Zorn dürfte sich zunächst gegen die Kommunen richten
Buxtehudes Rathaus-Vizechef Ralf Dessel rechnet damit, dass nach dem Versand der Grundsteuerbescheide etliche Beschwerden im Rathaus eingehen werden: "Die Bürger erhalten mit diesen Bescheiden jetzt schwarz auf weiß einen festen Betrag in Euro, den sie zahlen müssen." Die Zahl aus dem Grundsteuermessbescheid der Finanzämter sei ja nur ein abstrakter Wert gewesen. Der Zorn der Betroffenen, die jetzt deutlich mehr Grundsteuer entrichten sollen, dürfte sich damit zunächst gegen die Kommunen richten. Viele werden wohl persönlich vorbeikommen und ihren Frust abladen, meint Dessel. "Wir werden auch niemanden abweisen, aber wir sind eigentlich nicht der richtige Ansprechpartner."
Einspruch gegen den Grundsteuerbescheid wäre zwecklos
Wer der Ansicht ist, die neue Grundsteuerforderung sei zu hoch, muss sich an das Finanzamt wenden.

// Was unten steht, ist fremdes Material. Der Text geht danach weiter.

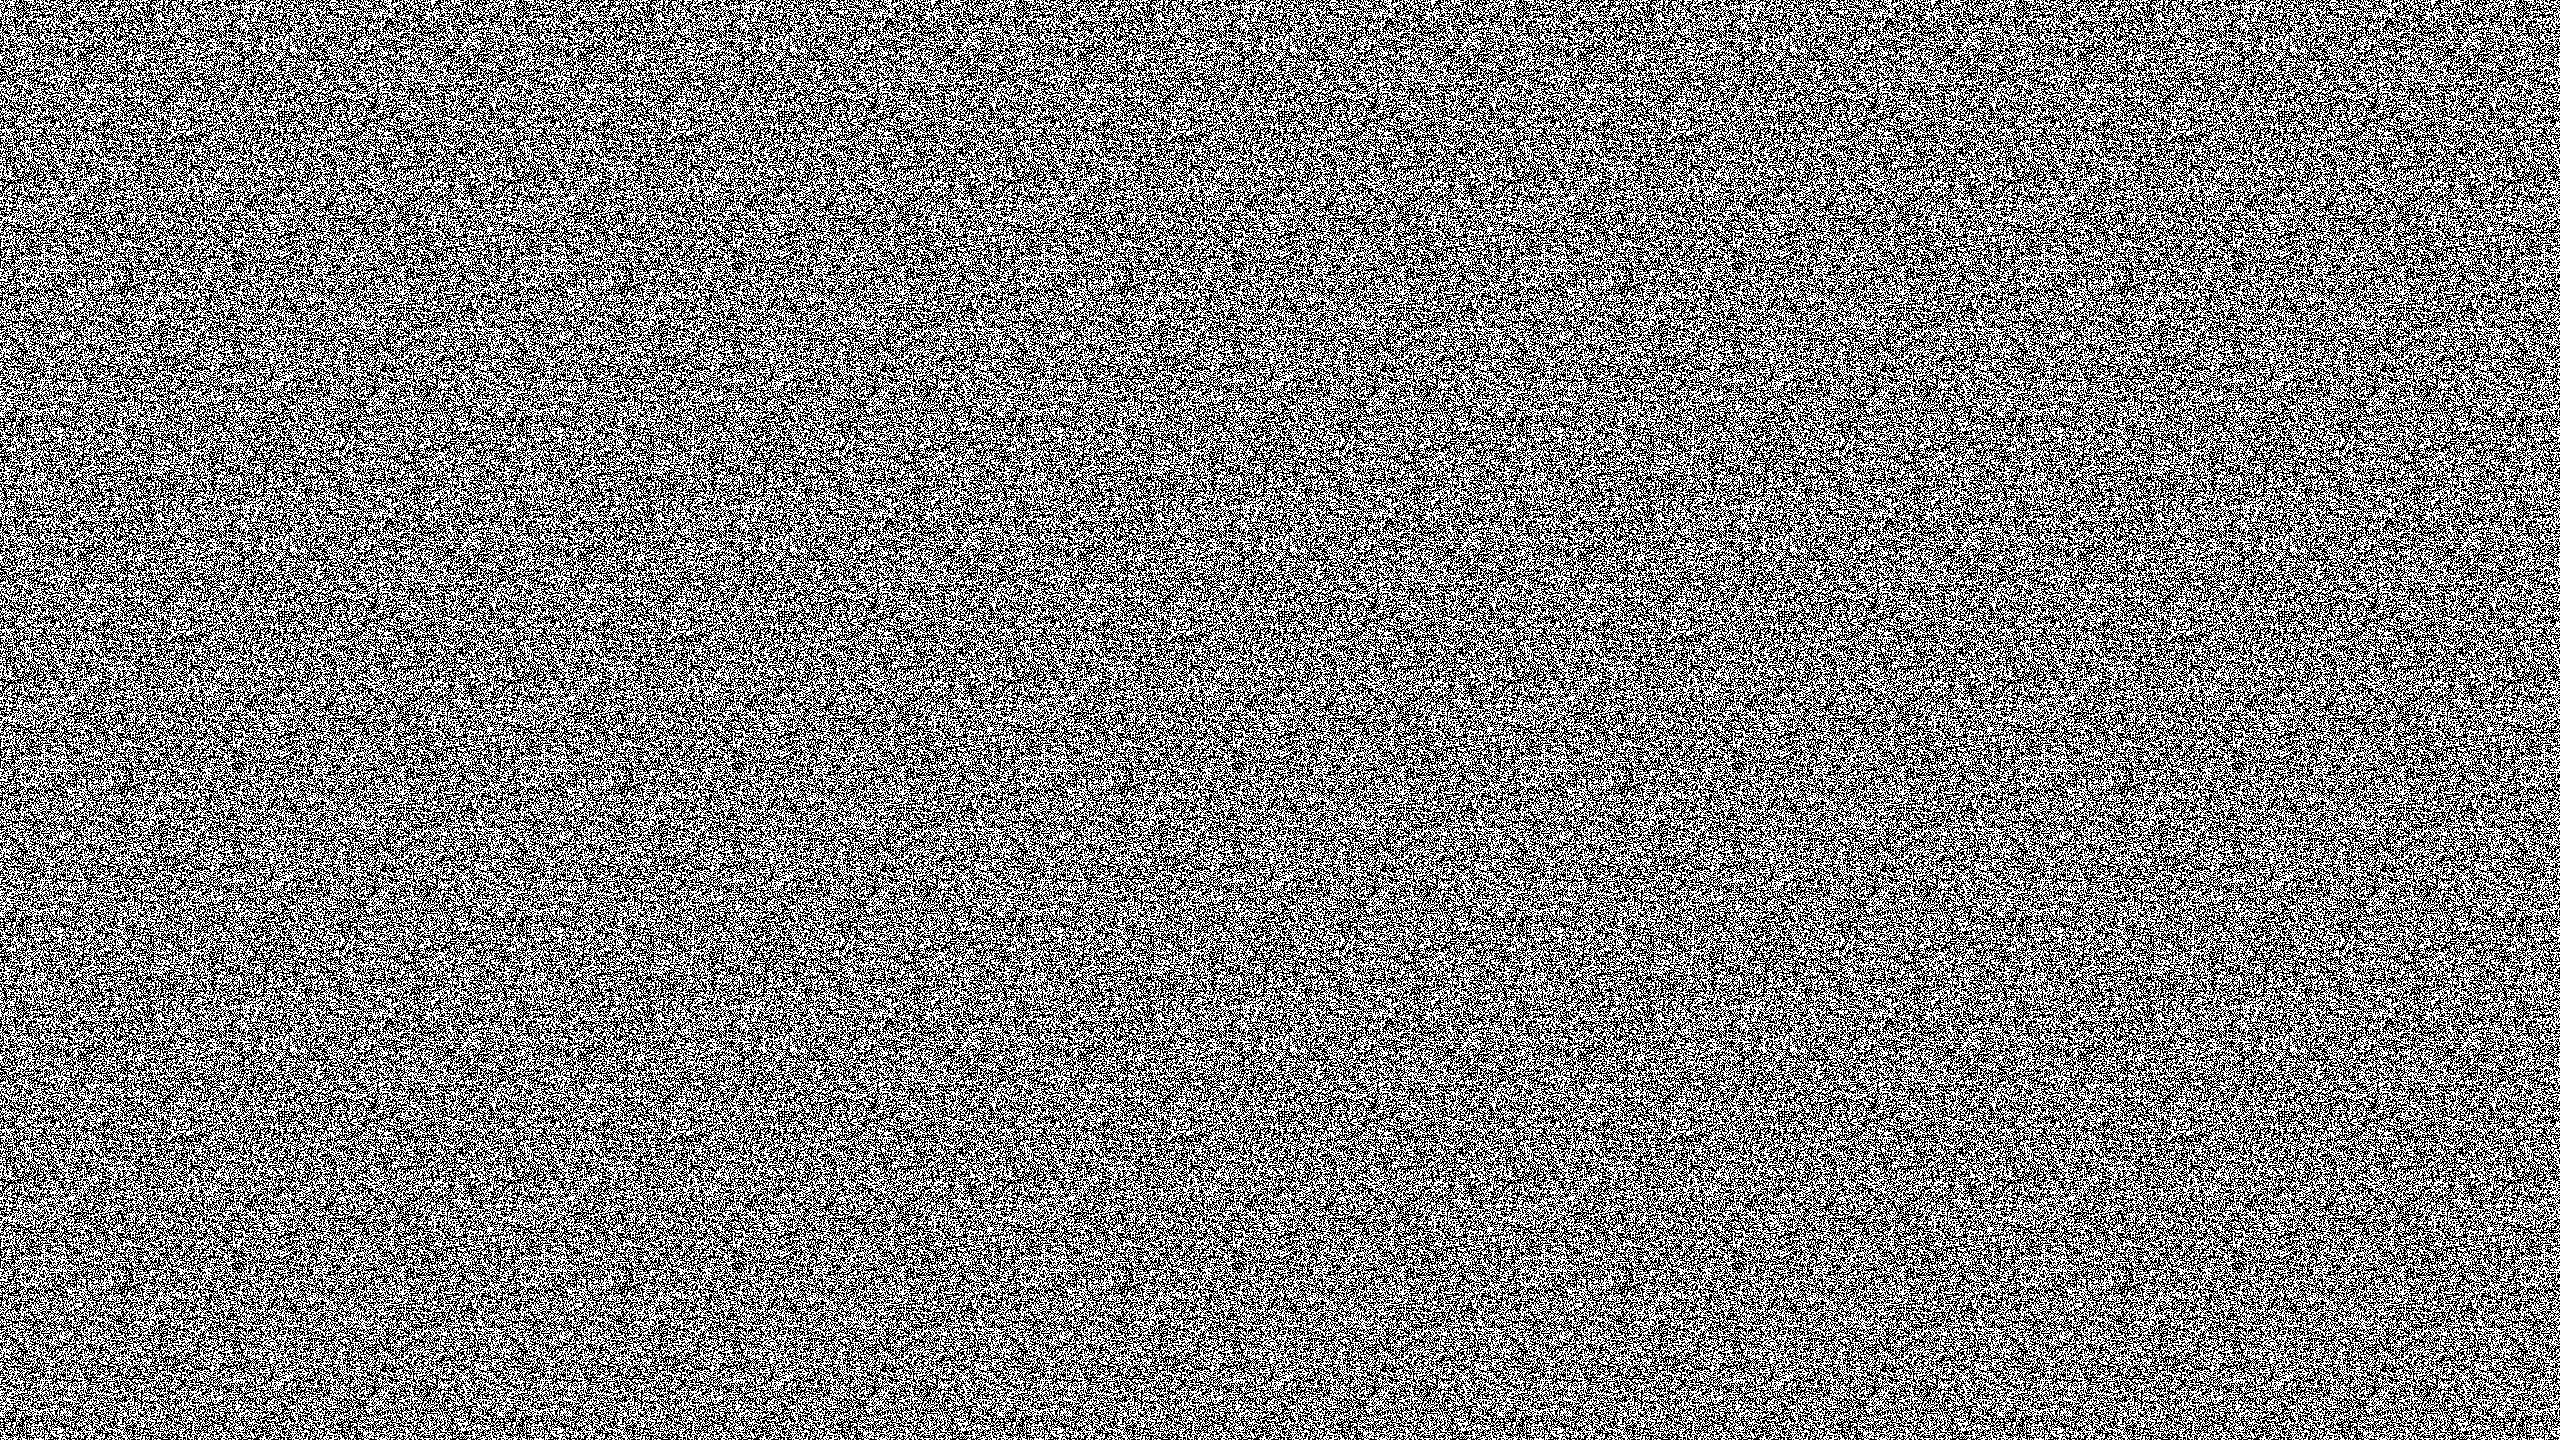 Free download this Static Flash Desktop Wallpaper is easy Just save the  wallpaper 2560x1440 for your Desktop Mobile  Tablet  Explore 49 Static  Wallpaper  Static Wallpaper Android Static Cling Wallpaper
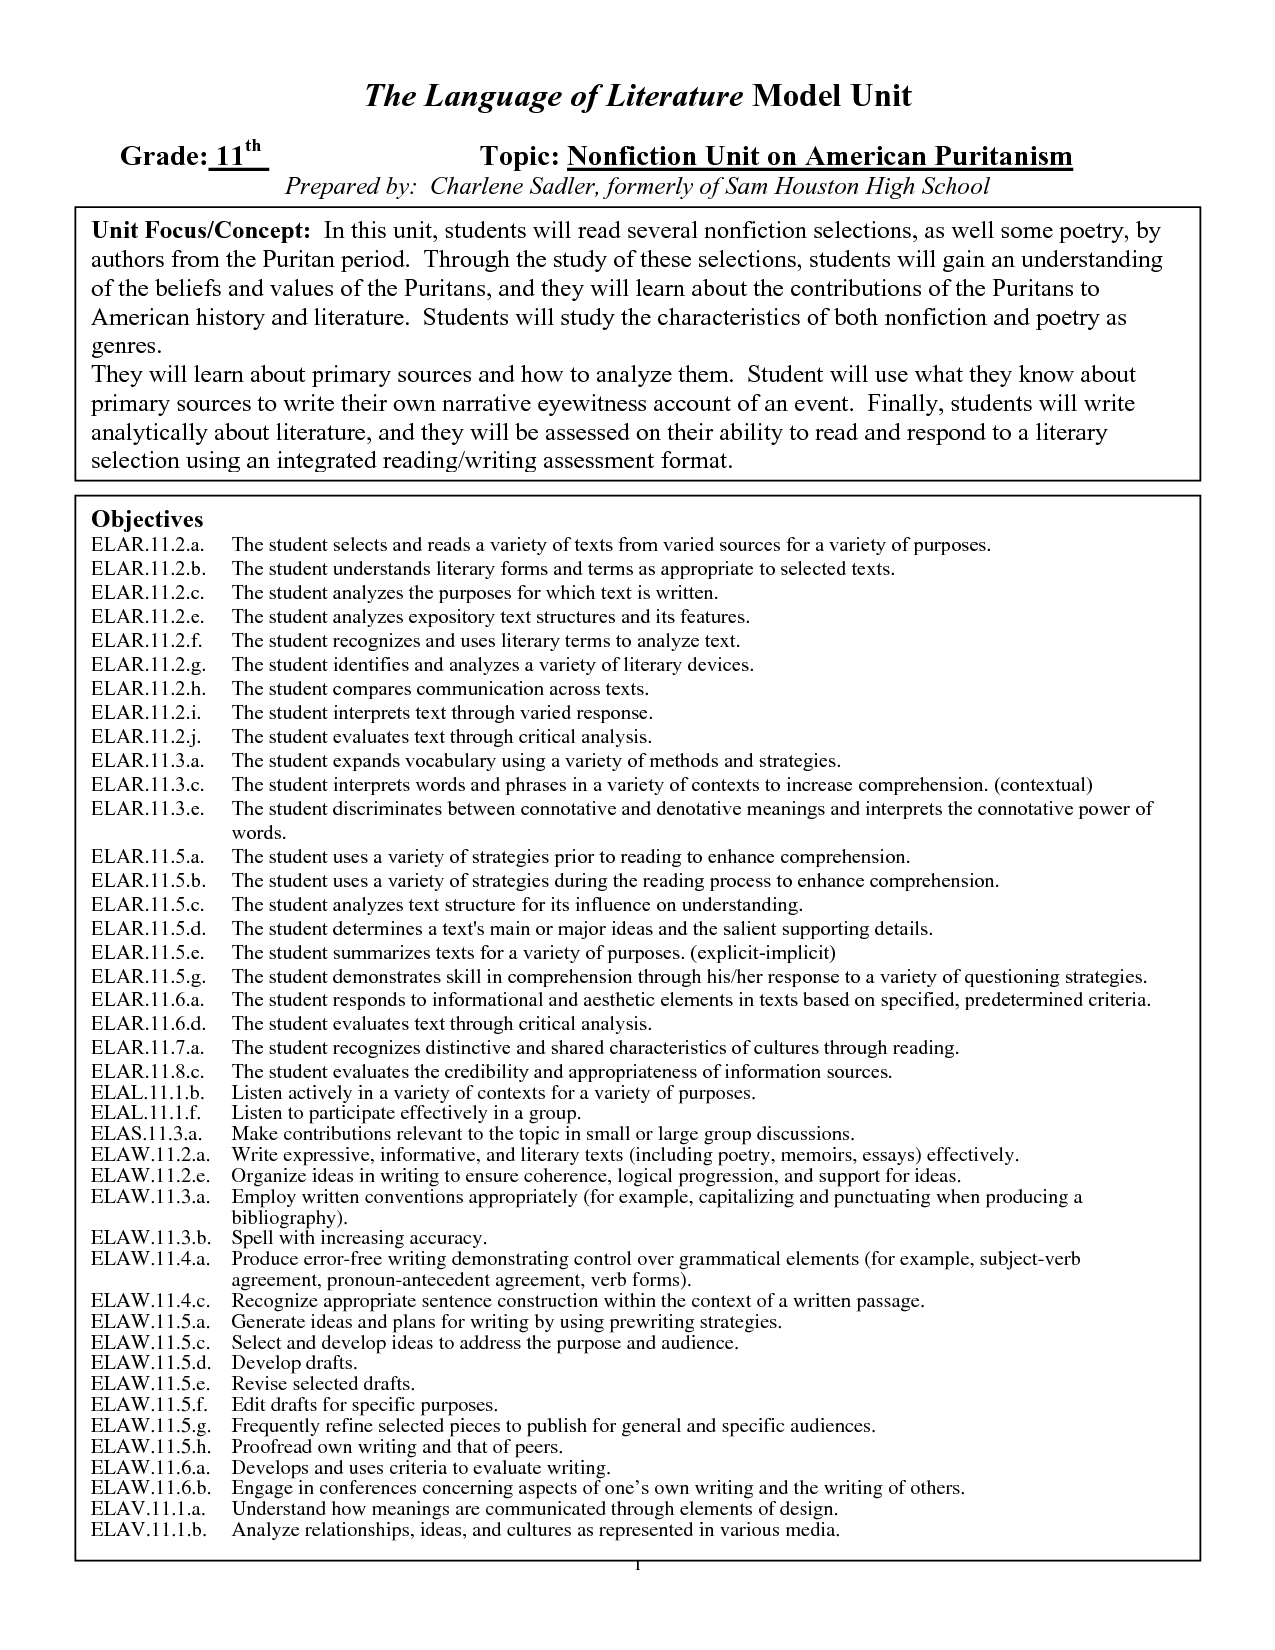 17-best-images-of-11th-grade-science-worksheets-11th-grade-literature-worksheets-9th-grade

Nur dort kann der Steuermessbetrag als entscheidende Stellschraube geändert werden. Einsprüche gegen den Grundsteuerbescheid der Kommunen sind daher letztlich nicht das Papier wert, auf dem sie geschrieben werden. Es gilt das gleiche Grundprinzip wie bei allen Verwaltungsakten: Will man Entscheidungen in einem sogenannten Grundlagenbescheid anfechten, muss zwingend Einspruch gegen diesen Bescheid eingelegt werden. Ein Einspruch gegen einen Folgebescheid (in diesem Fall der Grundsteuerbescheid) würde als unbegründet zurückgewiesen werden.
Die Einspruchsfrist gegen die grundlegenden Messbescheide der Finanzämter dürfte allerdings in den meisten Fällen längst abgelaufen sein. Dennoch rät Dessel dazu, im Zweifelsfall beim Finanzamt vorzusprechen. Bei gravierenden Fehlern - etwa bei den Werten für die Grundstücks- und Wohnfläche - könnte dort eine Neuberechnung vorgenommen werden. Ein überarbeiteter Bescheid wird dann aber erst im Folgejahr wirksam.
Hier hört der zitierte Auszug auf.